Можно через год, но можно и сейчас. А я ждал, смотрел на оплывший проём в дувале,
не прозевать бы момент ее появления. Когда-то мы читали с ней вслух: «Сюда приедет
через много лет тот, кто в своих мальчишеских тревогах найдет обратный позабытый
след всего, что растерял он на дорогах». Это я растерял, но след не позабытый.
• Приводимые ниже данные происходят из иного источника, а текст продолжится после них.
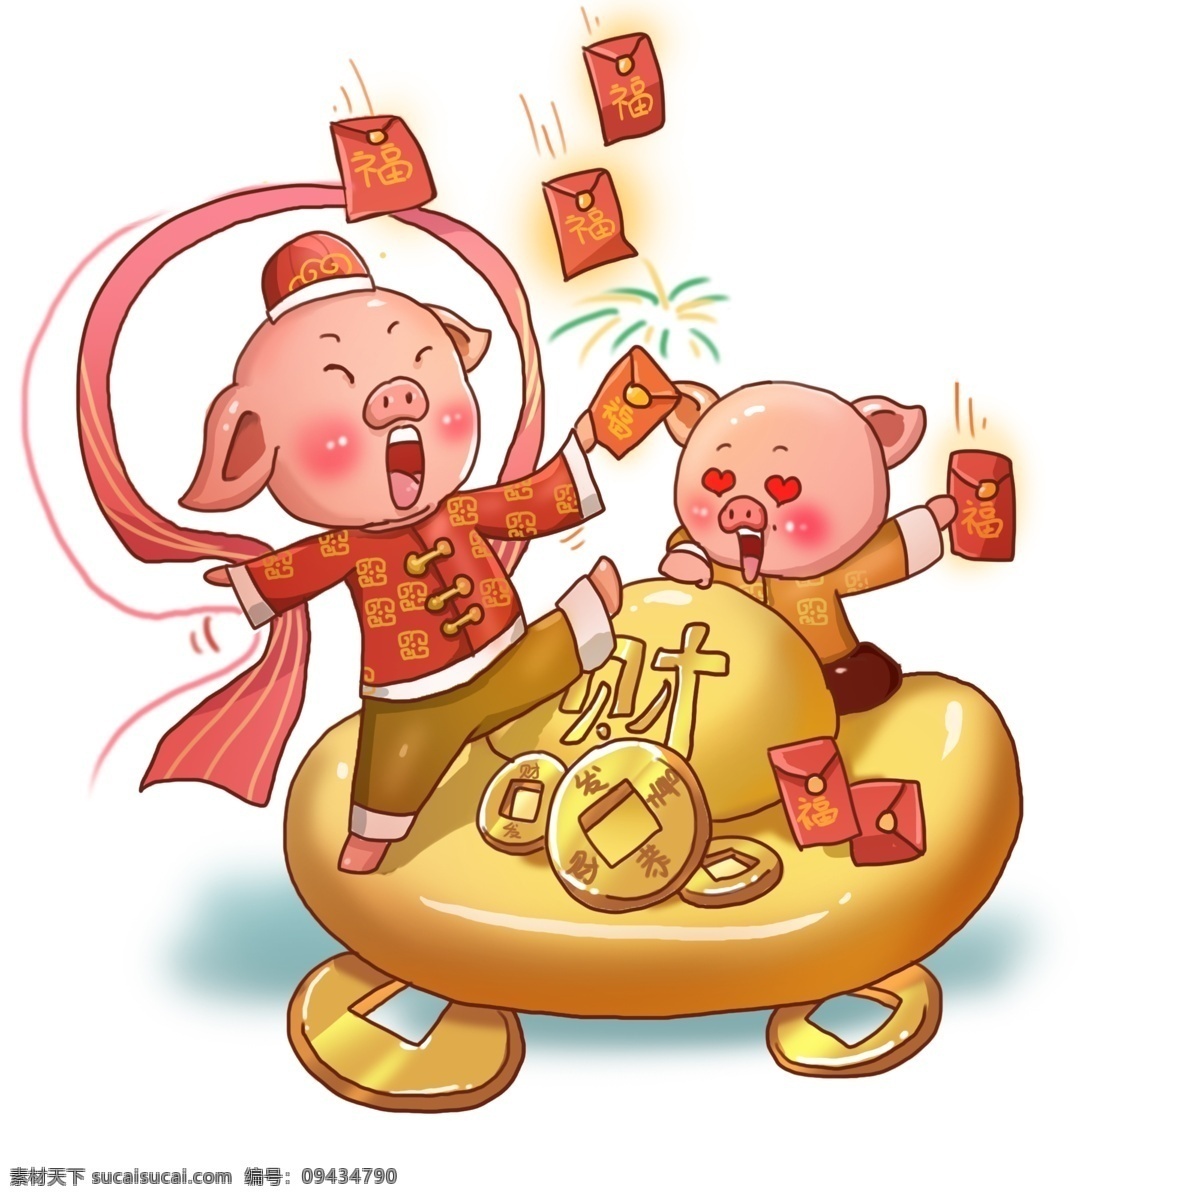 卡通 手绘 新年 小 福 猪 抢 红包 卡通小猪 新年快乐 新年祝贺 过新年 小猪 春节 猪年 过年 福猪 迎新春 可爱小猪 新年小猪 抢红包

Появилась… Я думал, она будет долго, тщательно собираться, но оказалось, нет,
просто влезла в пальто, какое-то поношенное, возможно, материно, накинула платок
темно-вишневый, кажется, прежний. Песня у нас была в девятом классе про темно-
вишневую шаль. Изменилась. Заметно… Нельзя сказать, что похорошела. И чем-то
занята, озабочена. Три года прошло и четыре месяца. «Здравствуй, не знаю, как тебя
называть». – «Здравствуй, Лиля». Пожали руки как мальчик и девочка. Смотрим друг
другу в глаза, веря и не веря, что встретились. «Надолго в наши края?» – «Нет…»
Маша постояла, сурово глядя на меня, вздохнула почти со стоном и пошла, не
оглядываясь. И мы пошли, побрели по безлюдной Сухулукской в сторону от ее дома.
Долго молчали. «Встретились, и поговорить не о чем, да? – сказала она с усмешкой. –
Как ты живешь? Учишься?» – «На третьем курсе, в медицинском». – «Ты летом сюда
приезжал?» Приезжал тайком, как тать в ночи, жил три дня, не выходя из дома. «А я
летом иду с работы, и вдруг нашло – вот открою дверь, а ты за столом сидишь. Матери
сказала, она сердится: хватит детство вспоминать, у тебя муж».
Я гадал, как она мне об этом скажет, какими словами? Это же неслыханно – у
Лили муж. А она просто сказала, мимоходом, обыденно. «Ты по-прежнему не Иван?
Привык к своей фамилии?» Я кивнул. «И не вернёшься к прежней?» А как? Да и
зачем? Новое имя, старое имя… Что доблестного я успел совершить, будучи Иваном?